Peng believes the migration from rural to urban areas means farming will become dependent on robots and AI and XAG should take full advantage of this trend by giving farmers a range of tech tools, not just drones. “Farming practices will be automated,” he said, adding that “5% manpower input will [in future] produce enough agricultural products for the consumption of 95% of the population.”
In 2017, the Chinese government launched a pilot in six provinces to subsidize agricultural equipment purchases, including drones. Farmers get 30% of their cost reimbursed when buying an agricultural drone approved by authorities. Subsidies for agricultural drones were expanded to 20 provinces this year. Subsidies for all other agricultural equipment were also extended to the whole country in 2018.
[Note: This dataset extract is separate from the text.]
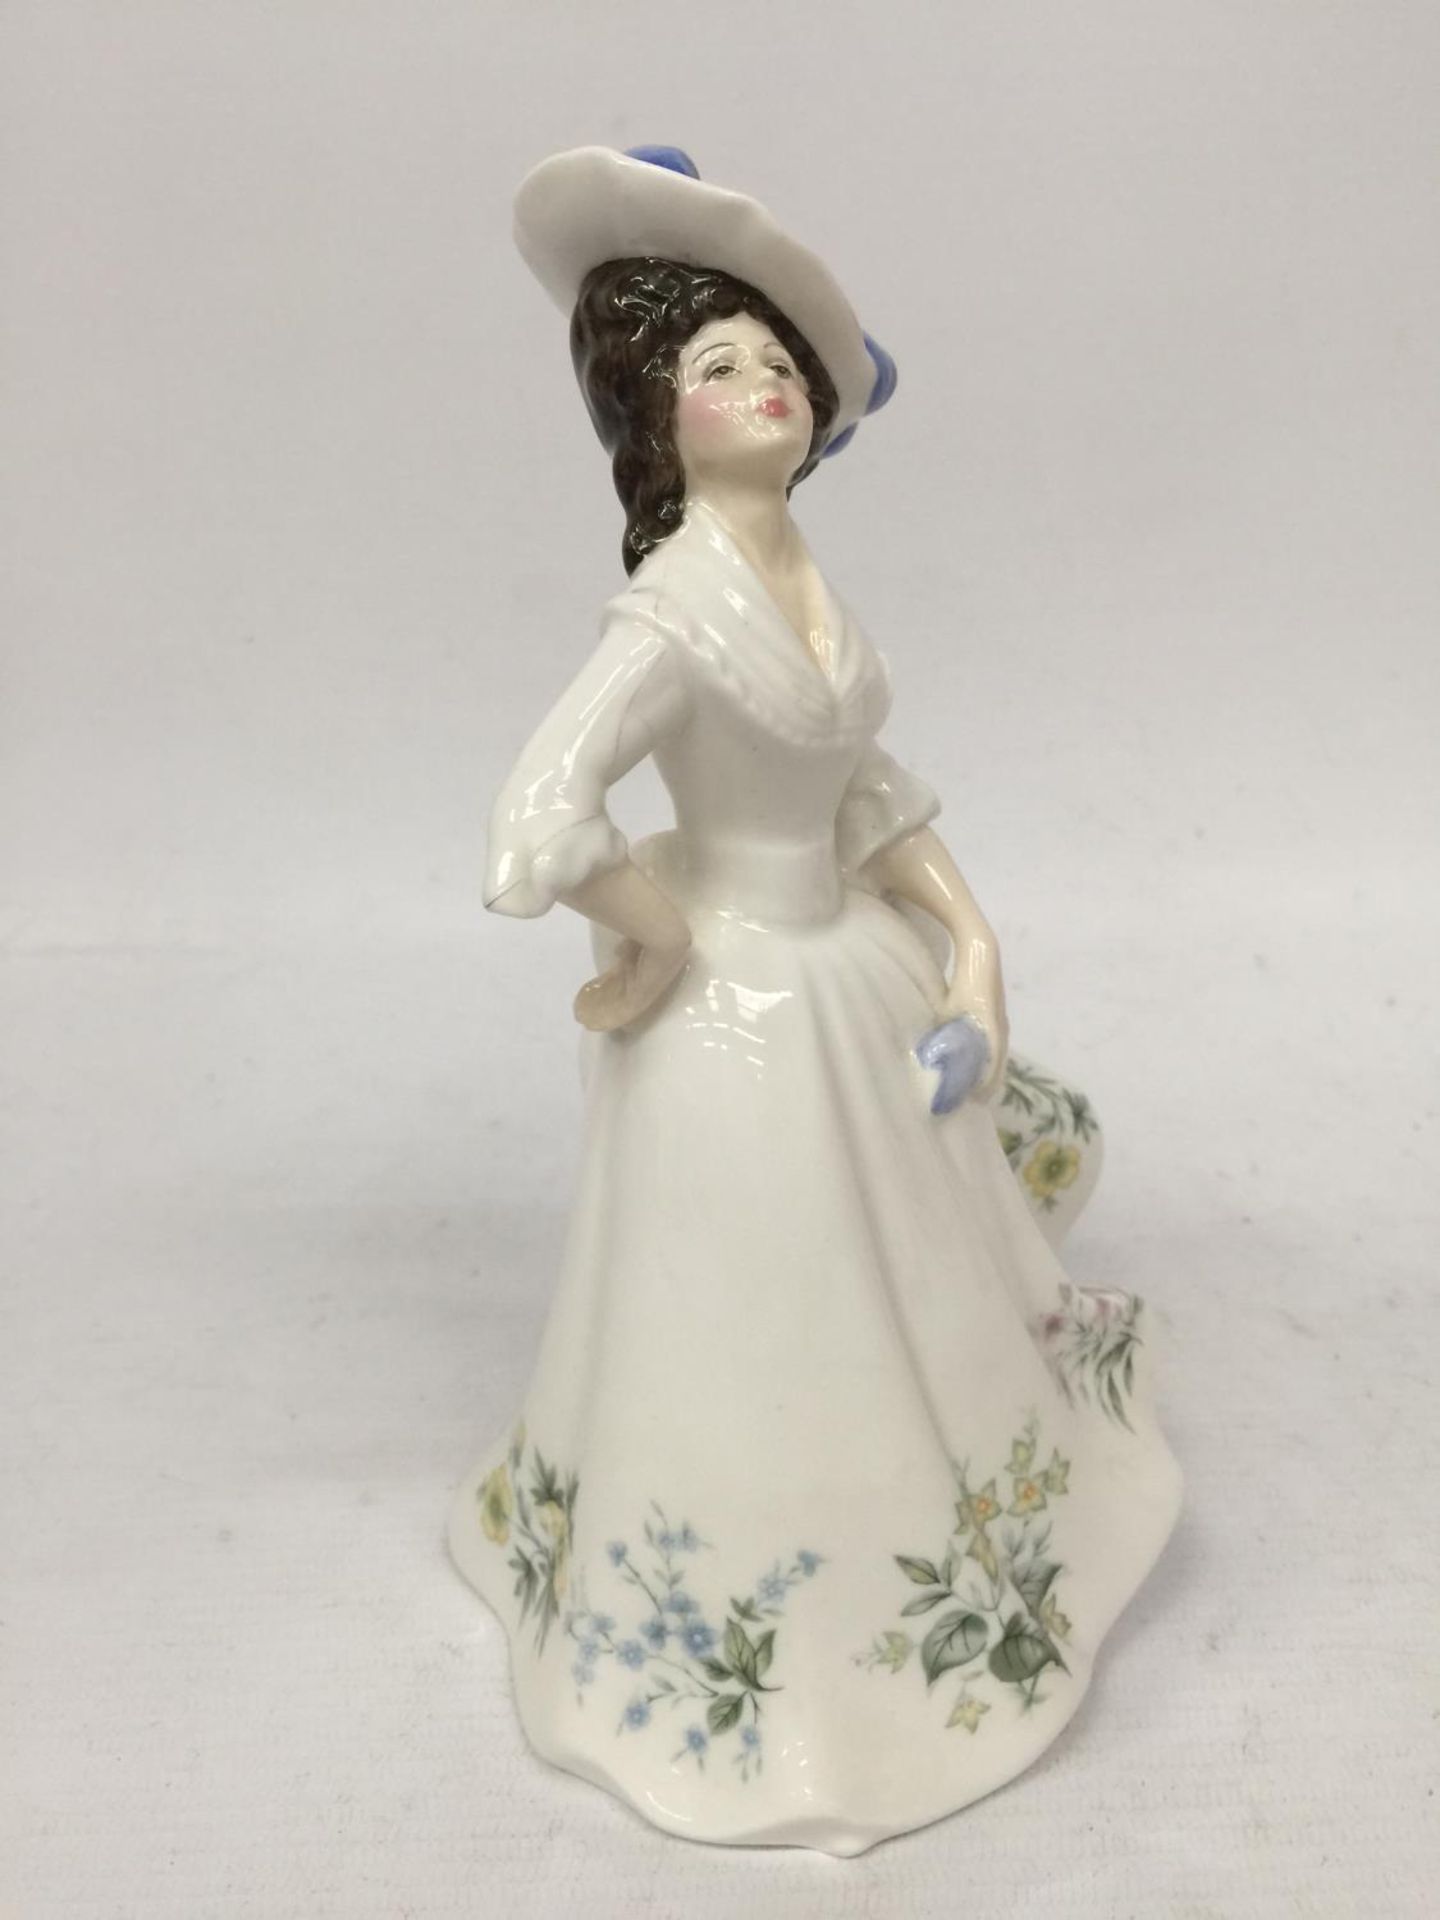 A ROYAL DOULTON FIGURINE "ADELE" - 21 CM (SECONDS) A/F - Image 2 of 4

XAG has also benefited from China’s rural infrastructure development. About 95% of farms are covered by 4G networks, much higher than in other countries, which facilitates the extensive operation of drones and robots. XAG has also been collaborating with local governments to build infrastructure for smart and precise digital farming, such as centimeter-level RTK (real-time kinematic) positioning and high-definition field maps.
XAG has been growing its presence overseas, but Peng stressed that the Chinese market is still its priority. “The foreign markets just took off, like the China in 2016 and 2017,” he said. “The cost of tackling regulatory issues [in overseas markets] is still pretty high.”
XAG has about 1,400 employees now, 40–50% of whom are R&D staff. Although he is the CEO, Peng still codes. “I have always been responsible for one program and I need to fix bugs sometimes,” he said.